Written by Jens Hylander, 24 March 2020
Tentacle by Rita Indiana is a short novel, but don’t judge a book by its page numbers. The 130 pages is thick with social commentary and cultural references stacked on top of each other to reach so high it is hard to overlook. It took me almost one hundred pages to actually grasp the story, and even then, I was left wondering about many things. In this sense the translated title, Tentacle is a fitting one, as the book wriggles and writhes its way through racial, gender, class and cultural relations against the backdrop of environmental destruction, and it left me with the feeling as if stung by an anemone after I finished reading.
The initial scene takes us to a post-apocalyptic future, where a series events have turned the waters of the Dominican Republic into black sludge, and where virus-infected poor people are exterminated at the doorsteps of the rich’s gated communities. Inside one such community we find Acilde, a sex worker-turned-maid whose primary desire in life is to obtain a drug so that she can undergo a sex change to become a man. What she doesn’t know is that she has been chosen to go back in time to undo the oceanic environmental catastrophe. And, without disclosing more details, from there the story unfolds. I will now turn to a few central themes in the novel.

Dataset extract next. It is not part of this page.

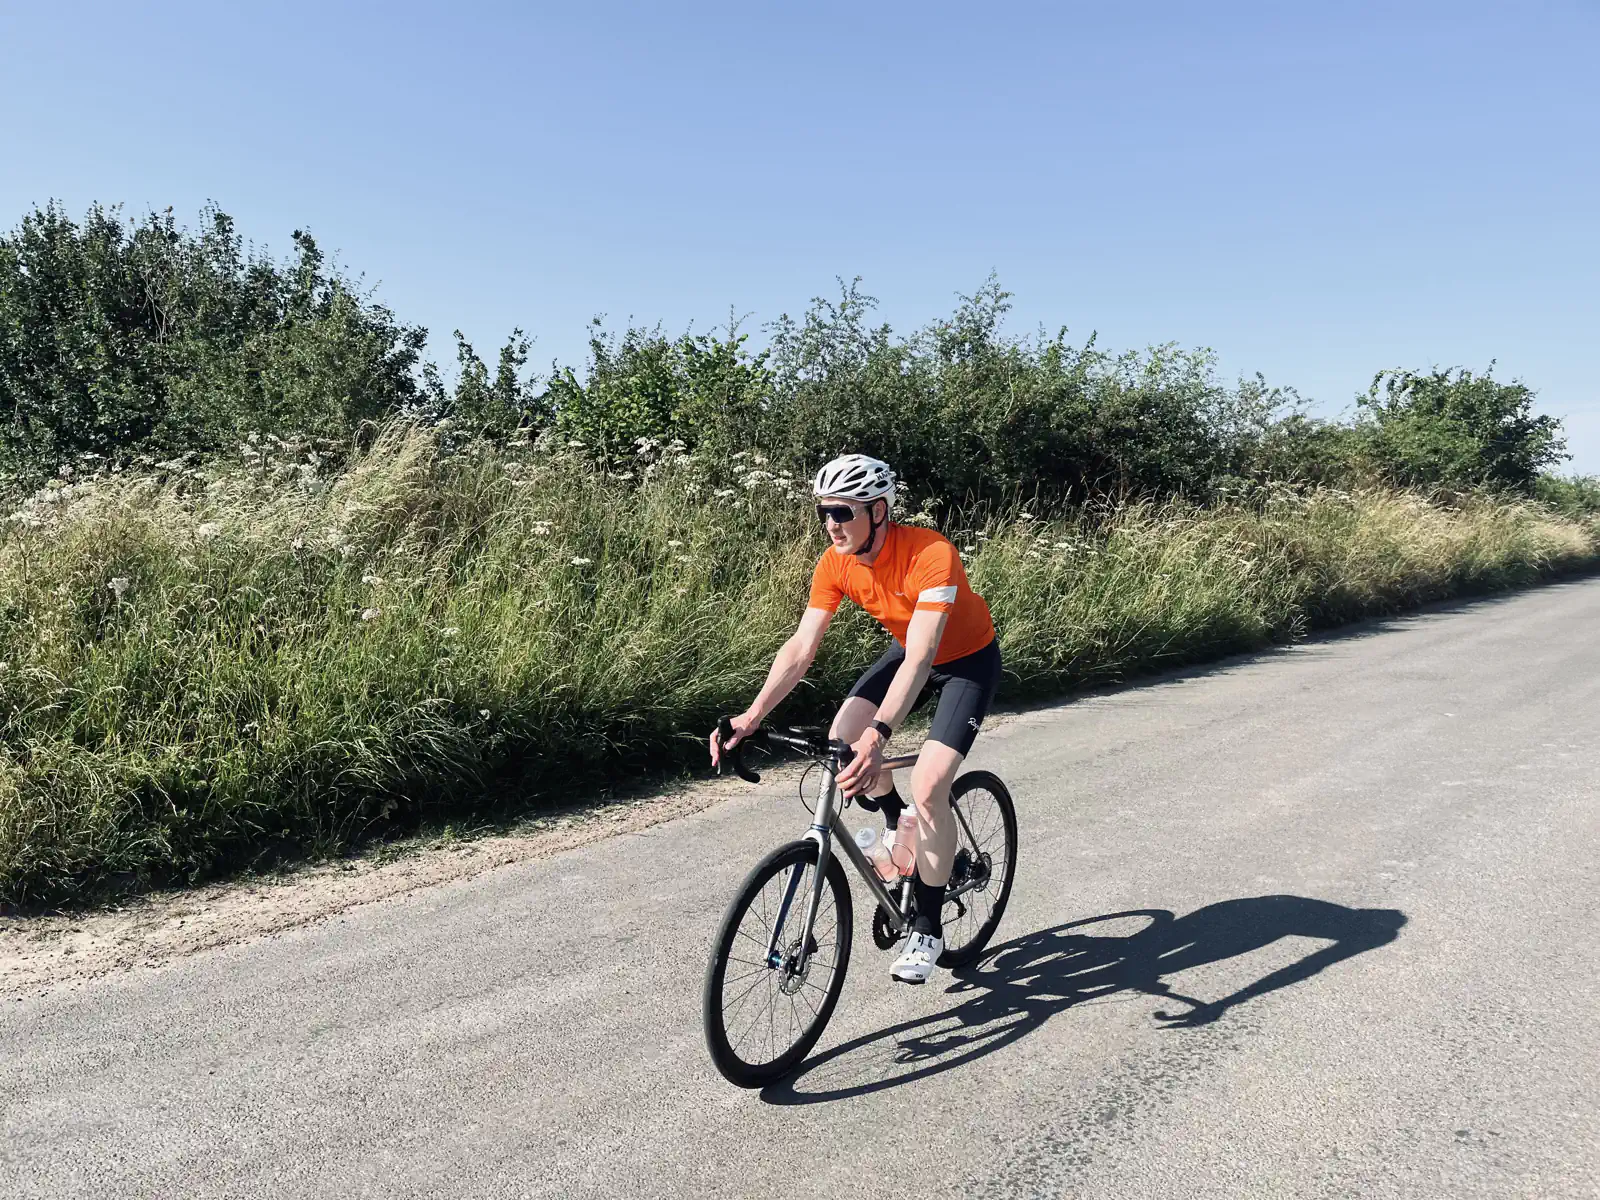 Cyclist in orange jersey riding on a sunny country road

Time travel is central to the story, and it can be interpreted in several ways. First, and most obviously, future catastrophes are connected to the past in direct as well as indirect ways. Both the (in)actions of now living generations, but also the long trajectories of history; in this case the catastrophe in the Caribbean started already with European colonization. Second, the episodes occurring in different times in the novel could just as easily be different (or perhaps even the same) places in the present. Perhaps the novel tells us not that the time to avert future catastrophes is already behind us, but that the apocalypse is already happening, here and now, among peoples and communities experiencing floods, monsoons, disease epidemics, and, crucially, a lack of resources to tackle these environmental disasters. In this sense, it is not a post-apocalyptic novel so much as a peri-apocalyptical one.
This interpretation doesn’t leave the reader with much hope, but this novel is not intended to provide hope. Rather its mission is to – in a satirical fashion – uncover the flaws of all people in the story. From the vile, chauvinist artist to the upper middle-class environmentalist embarked on a project of identity creation, and everyone else in between. The protagonist of the story, Acilde, is basically engaging in high level escapism, changing her body since there is no changing society. In fact, there is no person in the story who is genuinely likable (which is one reason why the novel is hard to work through. Like life in general, stories are easier to stand if you like the people you’re spending time with). But just because they’re not likable, doesn’t mean they’re not interesting.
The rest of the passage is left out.